Unfortunately, my guide's only language was swahili, so we were unable to talk much together. I DID bring an english-swahili dictionary, but our only conversation was confined to single words at the camp fire at night. However, there is ONE word in swahili, which I will never forget. That's MATOPE. It means mud!

I think we were very lucky about the weather. During the week, we only had real rain one of the days in spite of the high average rainfall and in spite of the fact, that the rainy season was statistically starting at this time of the year! However, during THAT afternoon, it rained more than I have ever seen. On the way back to the civilization, in the middle of a bamboo forest, it suddenly started pouring down, lighting and thundering in an extreme way, even compared to the tropics. Our trail became a water course, and the big river in the bottom of our valley turned into a foaming inferno - quite scaring to watch since we HAD to cross it more times in order to get down!

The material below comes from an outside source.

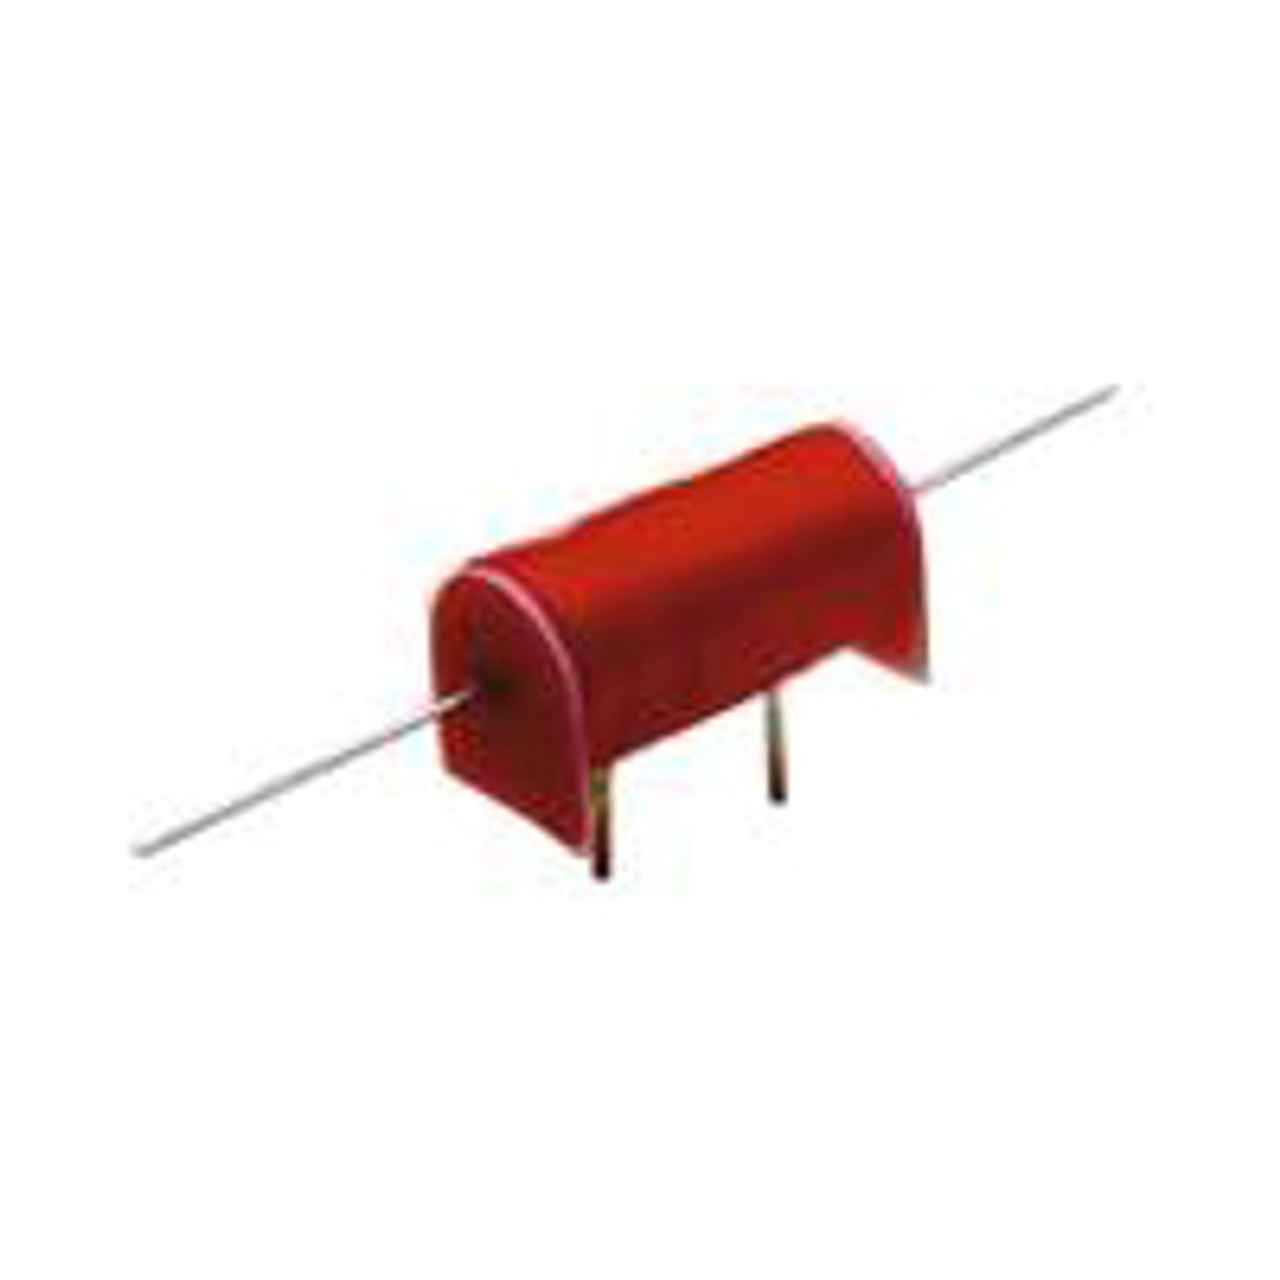 Coto 1248-0010 Reed Relays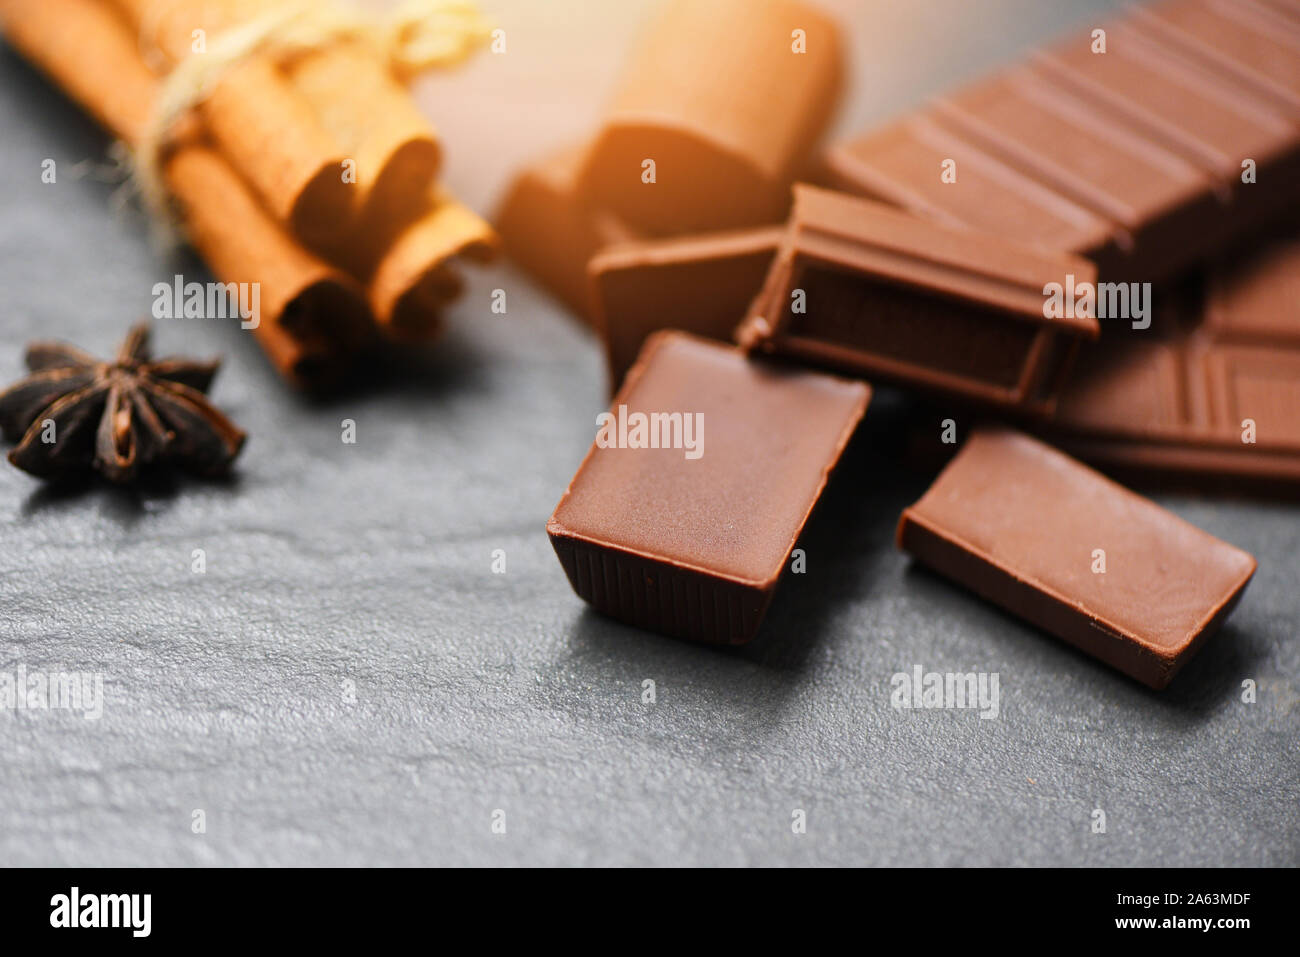 Chocolate Bar And Spice On Dark Background Sweet Dessert For Snack Selective Focus Stock Photo

No matter whereever you go in the world, I don't think you will find a more odd and awe-inspiring landscape than the Ruwenzori Mountains. The snow and the glaciers together with the tropical rain-forest, the mysterious, sinister mist and the violent thunderstorms, the strange plants in the mud, which make you think of the swamp forests of the jurassic or the carbon age - everything together leaves a strong, unforgettable impression in the mind of the visitor. Many articles and books have been written about Ruwenzori, and all of them reflect the enthusiasm of their writers. These mountains have been unchanged for thousands of years, and they give you a feeling of being totally outside time and space, because everything is different from what you know.